AI Agents & Agentic Workflows with Spring AI, MCP and Java
Published 5/2026
Created by Vinoth Selvaraj
MP4 | Video: h264, 1920x1080 | Audio: AAC, 44.1 KHz, 2 Ch
Level: All Levels | Genre: eLearning | Language: English | Duration: 190 Lectures ( 11h 53m ) | Size: 5 GB
Model Context Protocol, Spring Boot, MCP Servers, ChatClient, ChatMemory, OpenAI, Gemini, Ollama, Integration Testing
What you'll learn
⚡ Build AI Agents using Spring AI and Java
⚡ Design Agentic Workflows and multi-turn reasoning systems
⚡ Implement MCP Servers using Spring Boot
⚡ Build and expose MCP Tools, Resources and Prompts
⚡ Integrate OpenAI, Gemini and local LLMs using Ollama
⚡ Build Human-in-the-Loop workflows using Elicitation
⚡ Handle asynchronous workflows using Progress Notifications
⚡ Write Integration Tests for MCP-based AI systems
⚡ Implement Structured Output and Prompt Engineering techniques
⚡ Use ChatClient, ChatMemory and Advisors effectively
Requirements
❗ No prior AI knowledge is required. We will start from the fundamentals with a hands-on approach.
❗ Knowledge of Java and Spring Boot is required.

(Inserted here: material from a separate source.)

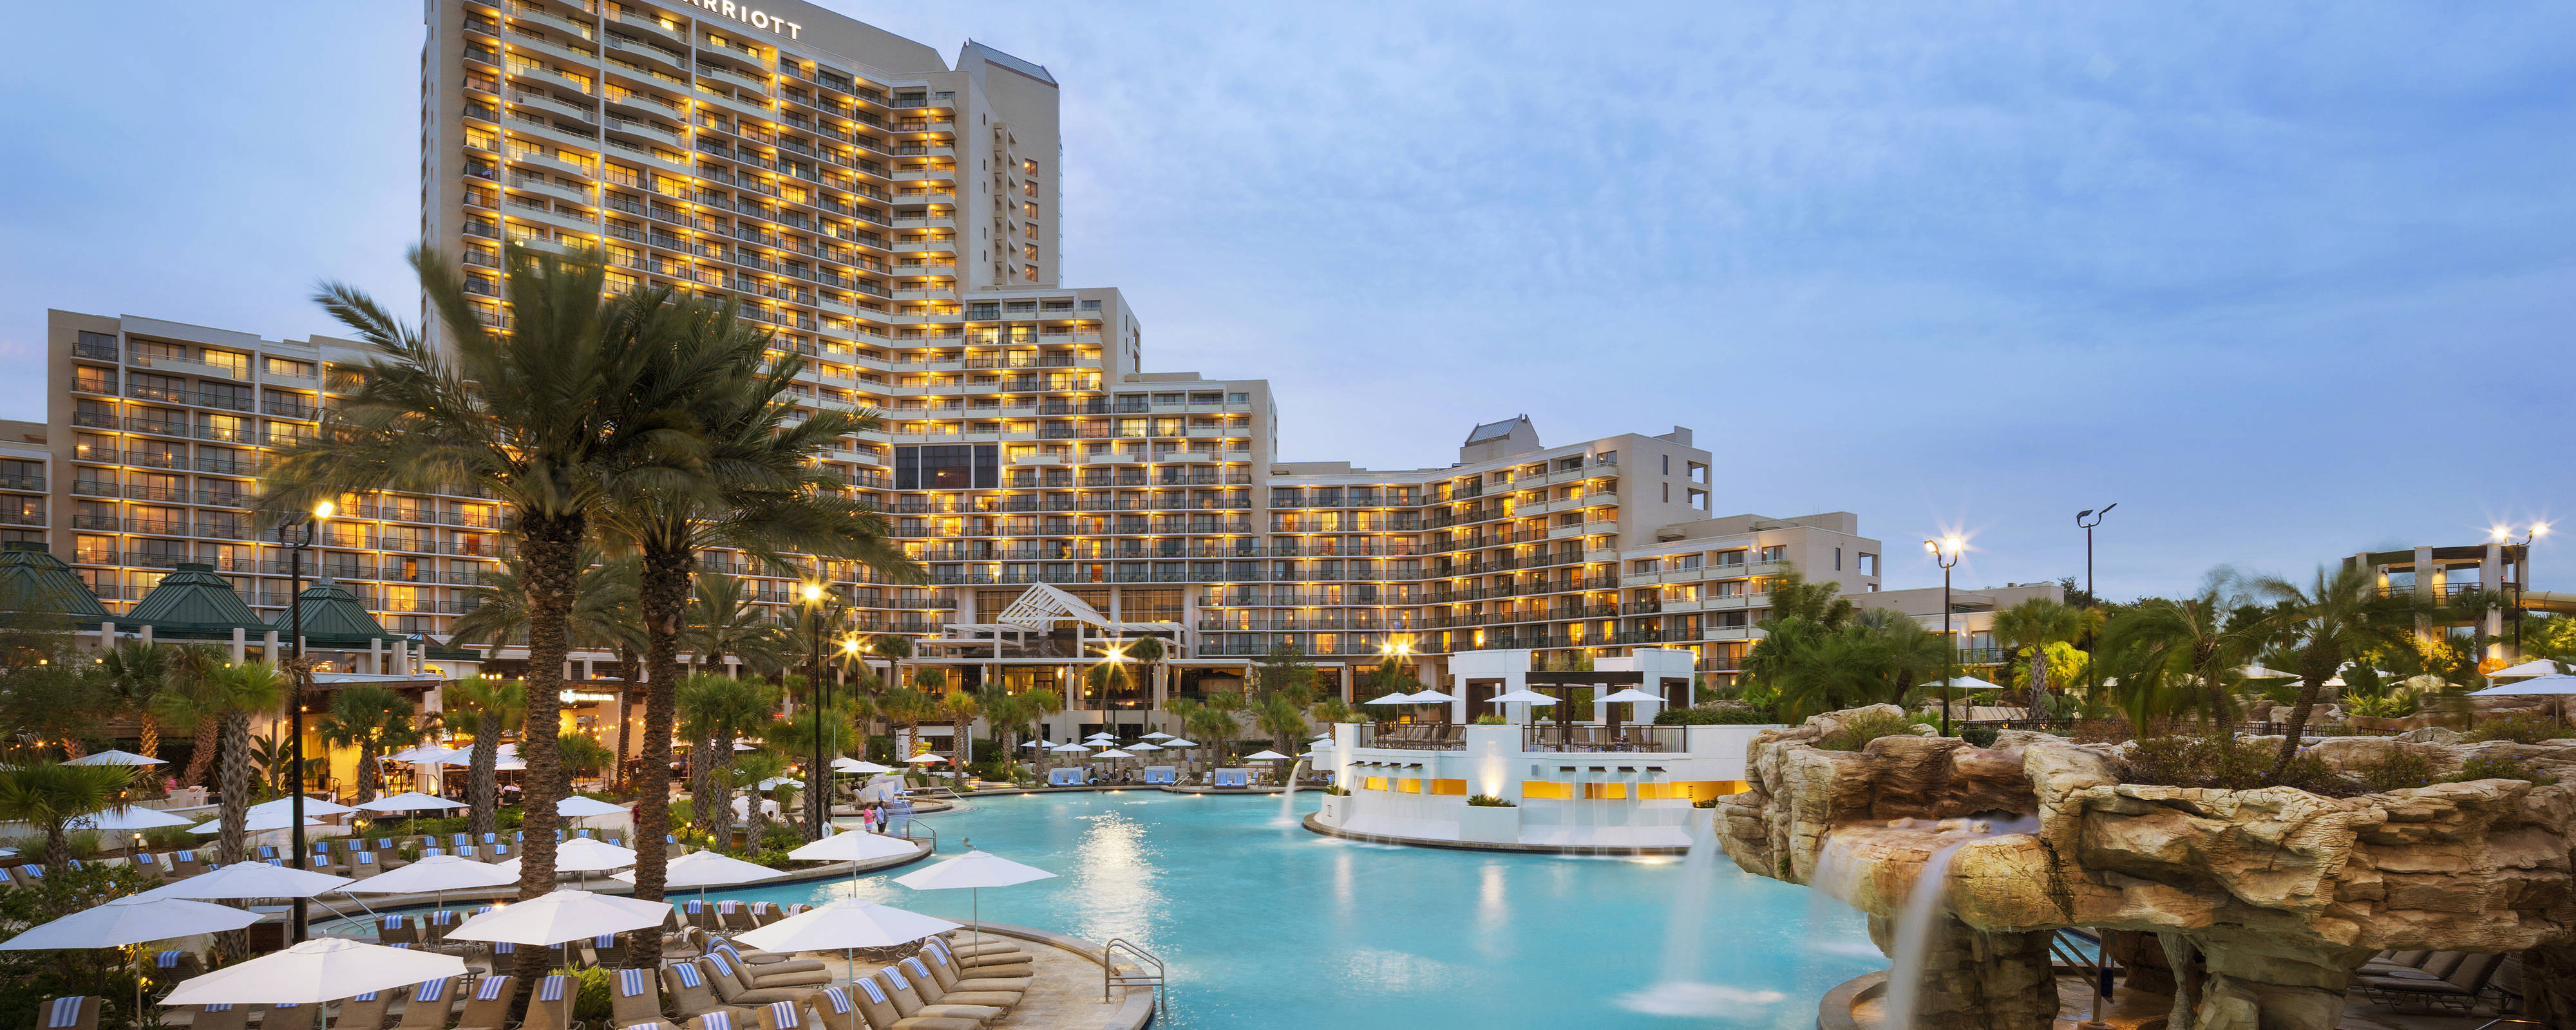 Resort Hotel In Orlando, Florida | Orlando World Center Marriott - Map Of Hotels In Orlando Florida

❗ OpenAI and Gemini APIs may incur small usage costs. Expected cost for this course is approximately 1 USD.
Description
Build AI Agents and Agentic Workflows using Spring AI, MCP and Java.

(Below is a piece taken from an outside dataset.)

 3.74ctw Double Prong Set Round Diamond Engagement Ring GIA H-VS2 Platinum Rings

This course is a deep-dive, architecture-first masterclass on building production-grade AI Agents and Agentic Workflows using Java, Spring AI and the Model Context Protocol (MCP).
What you will master
✨ Building AI Agents using Spring AI and Java
✨ Designing Agentic Workflows and multi-turn reasoning systems
✨ Understanding MCP Architecture and communication flow
✨ Implementing MCP Tools, Resources and Prompts
✨ Building Human-in-the-Loop workflows using Elicitation
✨ Handling asynchronous workflows using Progress Notifications
✨ Integrating OpenAI, Gemini and local models using Ollama
✨ Using ChatClient, ChatMemory and Advisors effectively
✨ Implementing Structured Output and Prompt Engineering techniques
✨ Designing AI-Powered Microservices using Spring Boot
✨ Writing Integration Tests for MCP-based systems
✨ Applying real-world AI architecture patterns and implementation best practices
By the end of the course, you will be able to
✨ Build production-grade AI Agents and Agentic Workflows using Spring AI and Java
✨ Design and implement MCP Servers with Tools, Resources and Prompts
✨ Integrate OpenAI, Gemini and local LLMs into Spring Boot applications
✨ Build context-aware AI systems using ChatMemory, Advisors and Structured Output
✨ Apply production-oriented AI architecture patterns, testing strategies and best practices
Throughout the course, we will build practical, production-style AI systems using Spring Boot, Spring AI and MCP.
Who this course is for
⭐ Java and Spring Developers exploring AI Agents and MCP
Welcome to My Blog - Check it Every Days
If you have any troubles with downloading, PM me
Please Buy Premium Account from my links to get high download speed and support me
Happy Learning!!
Quick check before we show the links
Helps us keep automated scrapers from hammering the filehosts.